Лбом, он, в колесо рулевое упершись, сидел, и плечи были его неподвижны в отчаянии. Вот уж он невзначай нащупал в кармане своем что-то жесткое и колючее, достал из кармана горсть микросхем, посмотрел на те с недоумением, потом дверь открыл и так прямо горстью их выкинул в безжалостное влажное пространство вблизи автомобиля его.
Ф. сидел рядом, тщательно укрывая свою осанку сочувствия.
— Что посеешь, то и пожрешь, — говорил себе Ф. — Мы лишь странные звуки игры, мы всего лишь фальцет и шипение, — сказал себе Ф.

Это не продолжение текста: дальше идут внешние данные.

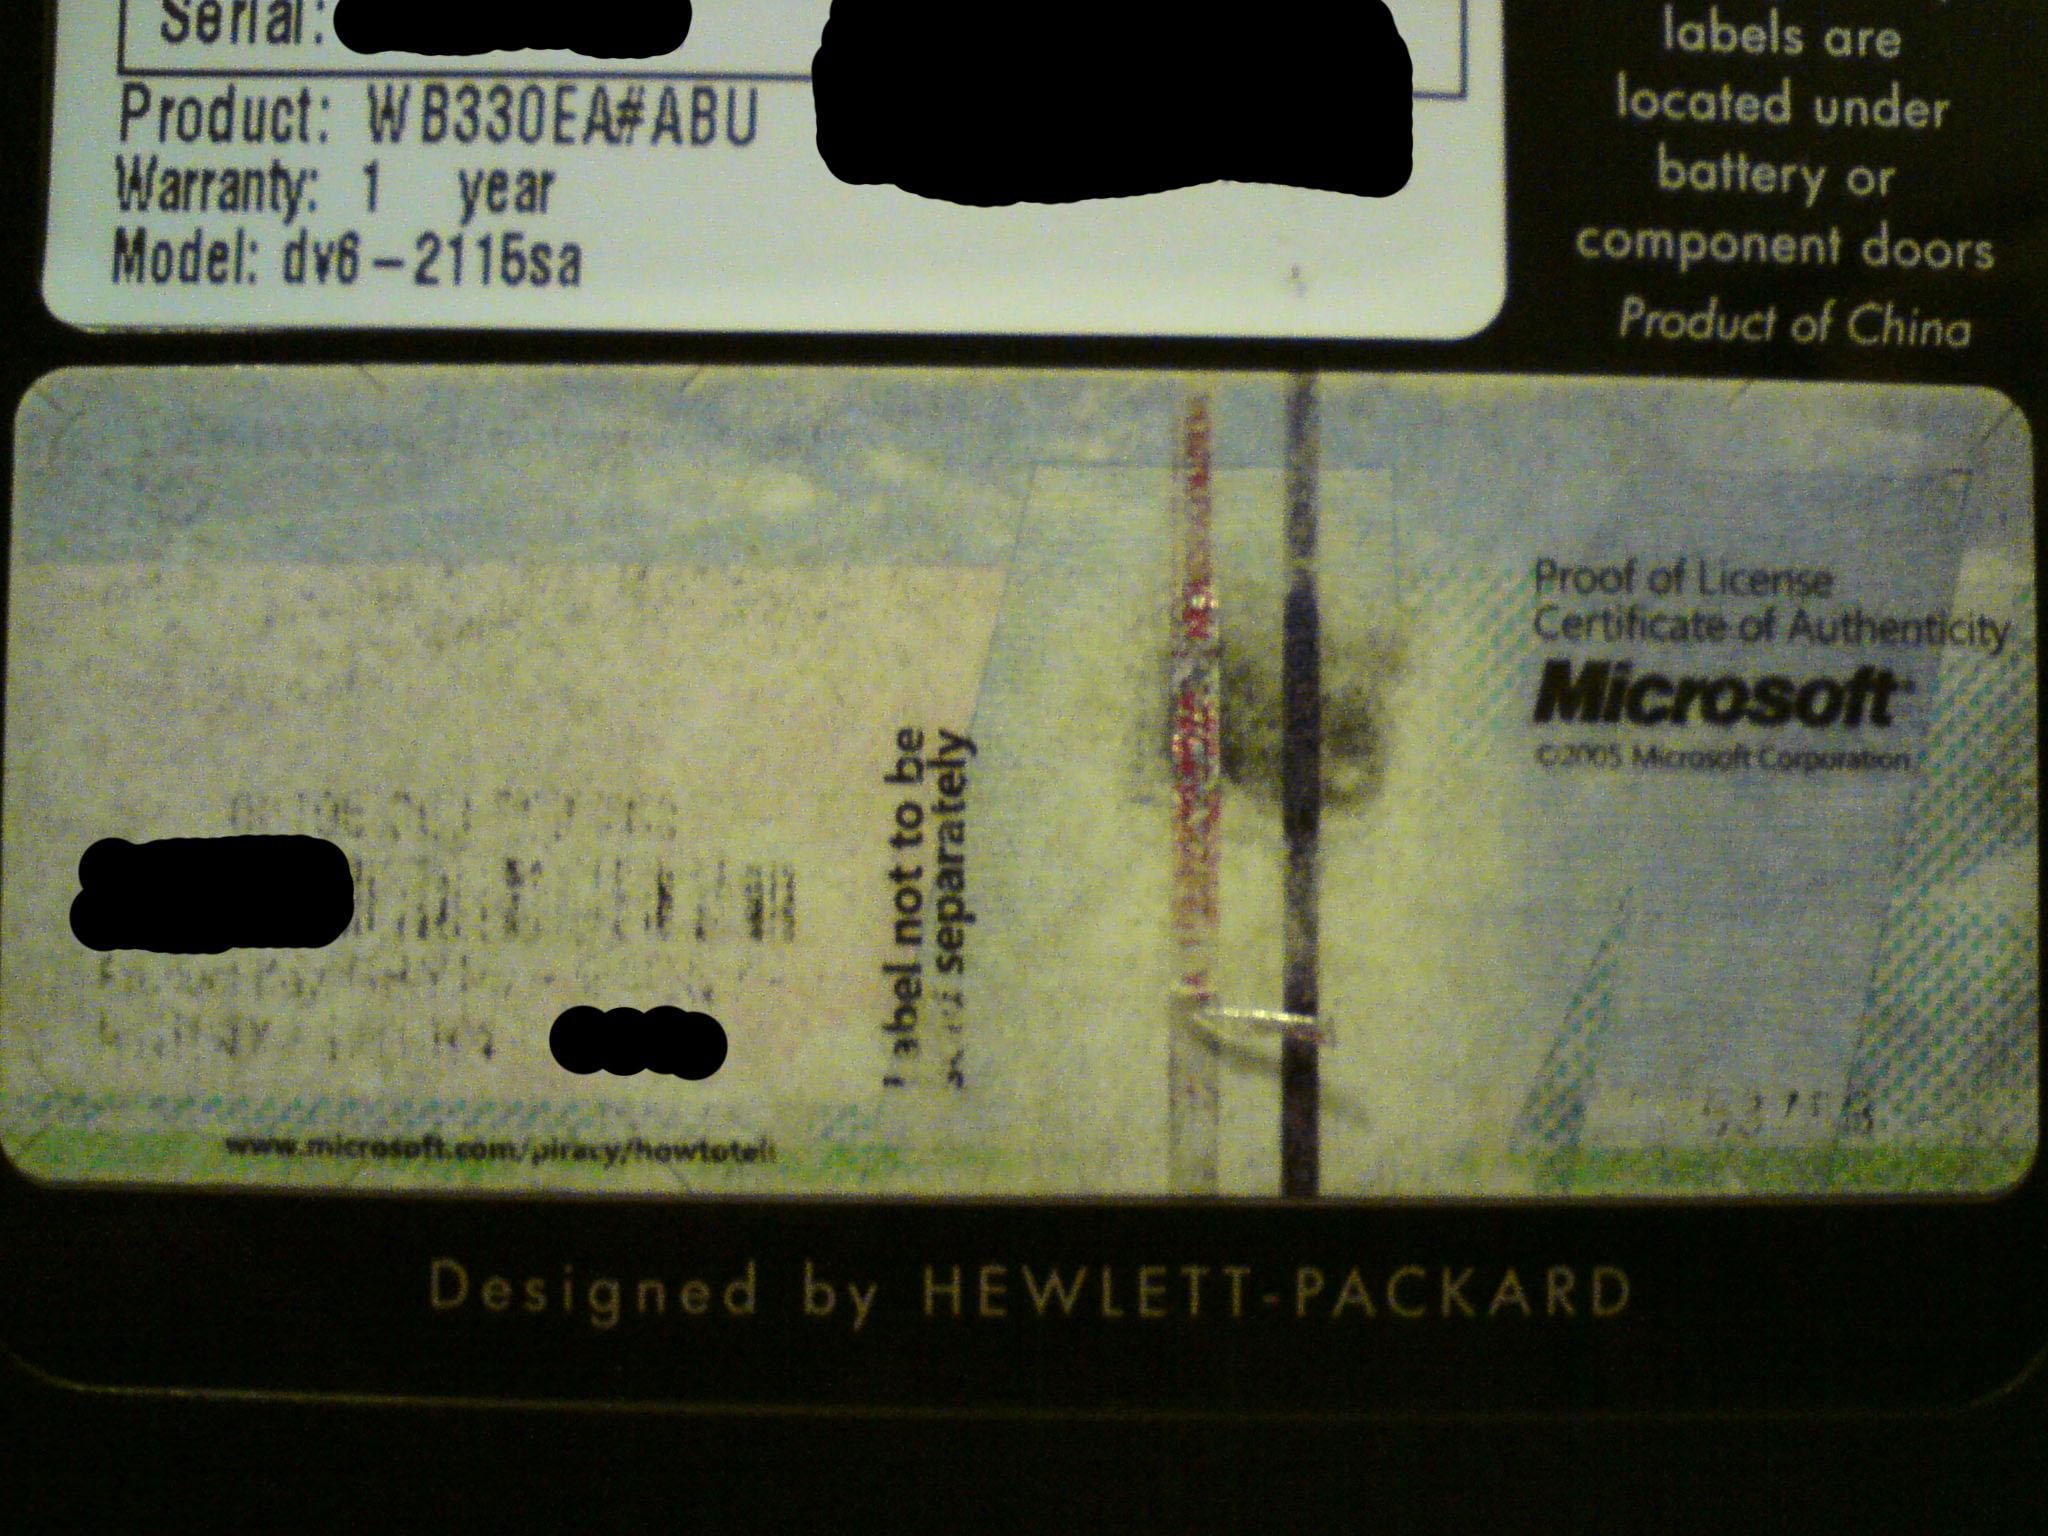 My laptops licence sticker.

Наконец и стартер закашлялся скорбно, покуда Ш. с глазами закрытыми ключ в замке поворачивал. Автомобиль встряхнуло, и вот он уж по дороге разбитой ковыляет медленно и изможденно.
— Отчего бы нам, — говорил еще Ф., сотрясаемый дорогой, — не прибить к миру беспамятную доску: «Здесь пребывал Ш. с его заскорузлой печалью».
Восемьсот лет беспредельного дистиллированного молчания хотел было позволить себе Ш., но не выдержал и минуты.
— Я, разумеется, в полном восторге, — говорил он угрюмо, — от твоего дымящегося идиотизма.
— Минздрав предупреждает, — со сверхъестественной своей артикуляцией Ф. говорил, — дыхание опасно для вашего здоровья.
Глухо мотором урча и прихрамывая на колдобинах, их обогнал фургон психологов со смурным Ивановым за рулем и горделивым Гальпериным. Ф. смотрел на фургон, собираясь высморкаться. Возможно, он что-то вспомнил, или ему казалось, что вспомнил, или только хотел вспомнить что-то давным-давно прошедшее, а возможно, только пытался вспомнить то, чего не было, но всего лишь могло быть и даже то, что наверняка будет в дальнейшем. И был одиннадцатый час одного полузатерянного после Рождества Христова, ничтожного и незабываемого утра.
25
Иванов стучал ключом в замызганное стекло, покуда занавеска не отдернулась. Он кивнул кому-то в полумраке помещения, и после ждали минут пять, и вот во двор по ступеням крылечным спустилась толстая старуха Никитишна, и, переваливаясь по-утиному, на артритных ногах своих пошагала в сторону фургона психологов, нимало внимания не обращая на Иванова с Гальпериным.
— Могла бы и Лизу позвать, — говорил нагловатый Гальперин.
— Невелики птицы, чтобы Лизу от отдыха отрывать, — только и буркнула Никитишна.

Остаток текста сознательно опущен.